But nothing is quite like The Fort. For more than thirty years, college basketball has been played in the Fort Myer Ceremonial Hall, a four thousand-seat relic of a gym with dim lights, sporadic heat, and blacked-out windows. For a long time both George Washington and American played their home games here. When GW built its own gym in the early 1970s, it moved out. But AU stayed. Now, finally, in 1988, the Eagles will move into their own on-campus arena. But the season will start at The Fort because the new place isn’t ready yet.

Poetically, one of the last games to be played in the old place will be against George Washington. “Be it ever so humble,” AU Coach Ed Tapscott says with a grin, “I just hope the Fort Myer jinx is at work tonight.”

GW is 5–1 and on a roll. American is 2–3 and struggling.

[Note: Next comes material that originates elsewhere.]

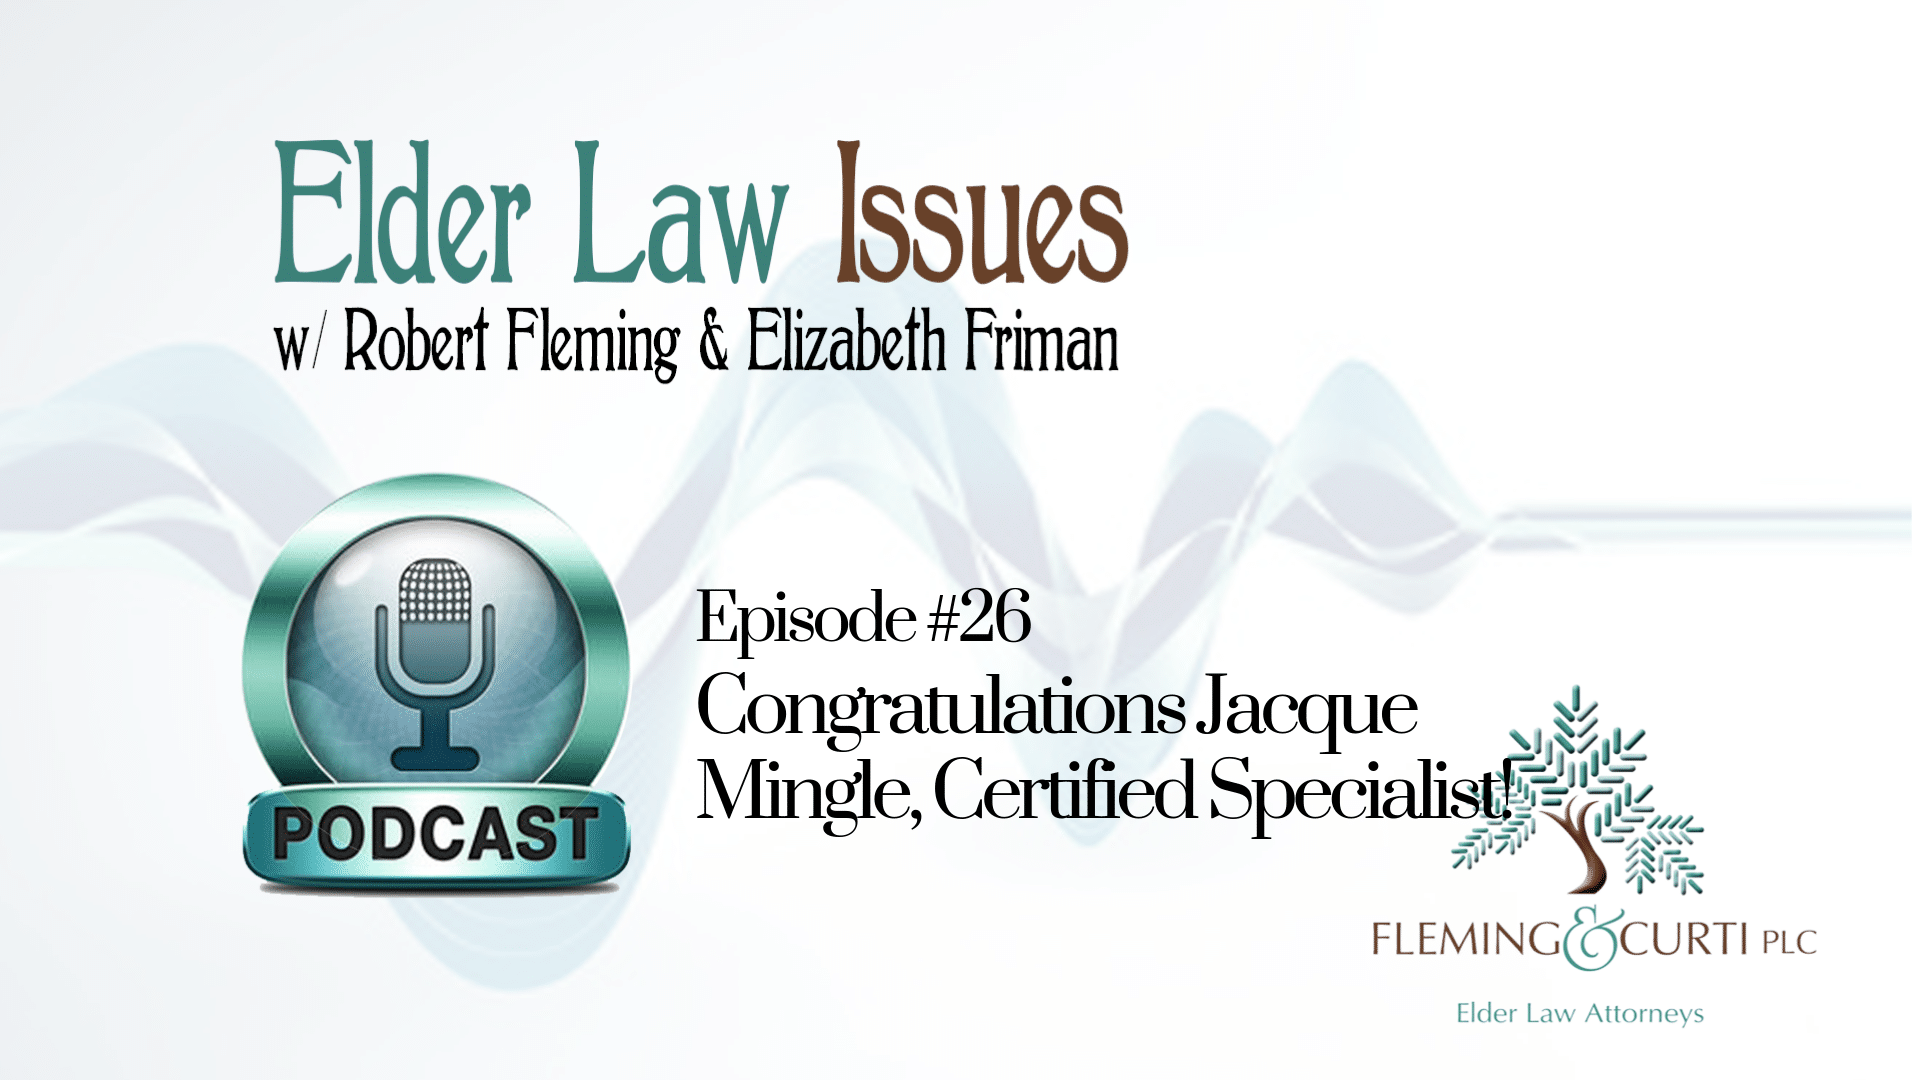 Congratulations Jacque Mingle, Certified Specialist

Often, just getting a game started at The Fort is an adventure. The last time these two schools played here was two years ago, just two days after the Beirut bombings that had killed many American Marines. Normally, to get on the base one just drives to the main gate and is waved through by a saluting officer. But in the aftermath of the bombings, every car was being stopped and checked and everyone was being asked for ID, including all the players on both team buses.

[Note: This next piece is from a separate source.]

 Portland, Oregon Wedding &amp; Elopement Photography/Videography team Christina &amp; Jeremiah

The game began in a virtually empty building with no PA announcer, a missing referee, and one statistician. Tonight, that isn’t a problem. Driving through the gate, one is struck by the contrasting sights: There is barbed wire on the left side of the road but if you look
beyond it you can see a breathtaking panorama of the nation’s capitol all lit up with Christmas lights.

Parking is in the lot across the street from the Officer’s Club and the main entrance is across from the movie theater. The movie tonight is
Revenge of the Nerds II
.

There are, according to the official attendance figures, 1,284 people in the Ceremonial Hall, many of them GW fans. It is just as easy for GW people to hike across the river as it is for AU people. But things are looking up for the Eagles: Their band has actually found the place for the first year in memory and three of their cheerleaders are cute. Very cute in fact. This is a major upset in itself.

Fortunately for everyone involved, it is not that cold out. There have been nights in The Fort where one could see one’s breath at tip-off. One year, back when Georgetown still deigned to play American, John Thompson took his team into the locker room and refused to come out until the gym warmed up. Another year, a sliding door got stuck—open—before a game while concessions were being brought in and the game was played with a windchill factor well below freezing. AU won the toss that night and elected to kick and take the wind.

Tonight, the only real problem is with the forty-five-second clock. The four is a nine on the clock so the officials have to explain that ninety-five seconds actually means forty-five seconds.

Everyone agrees that’s just fine. At The Fort this is a very minor problem. The Jinx is evident early. AU falls behind 4–0 but then thirteen minutes into the game, roars back to lead 22–10. GW Coach John Kuester is beside himself, not sure who to rage at, his team, the officials, or The Jinx. The Colonials rally to within 32–24 at halftime and come back ready to make a run after the intermission.

There’s one problem, though. Both forty-five-second clocks have gone out completely. The man in charge of fixing the problem is Dick Myers, AU’s assistant athletic director. Once, Dick Myers was the assistant general manager of the Washington Redskins. That is a long way from fixing a forty-five-second clock in an Army base not named after you. It takes twenty-five minutes to get one clock functioning.

“Just another night at The Fort,” says AU Sports Information Director Terry Cornwall.

It is a bad night for Kuester and his team. They tie the game at 38–38, but with the score 48–45, the Eagles go on a binge, outscoring GW 12–4 for a 60–49 lead with 5:30 left. At one point, three GW
students become so frustrated that when referee Tom Fraim makes a call against their team, they jump off the bleachers and surround Fraim, waving their arms and yelling. Fraim isn’t pleased. One of them is escorted out.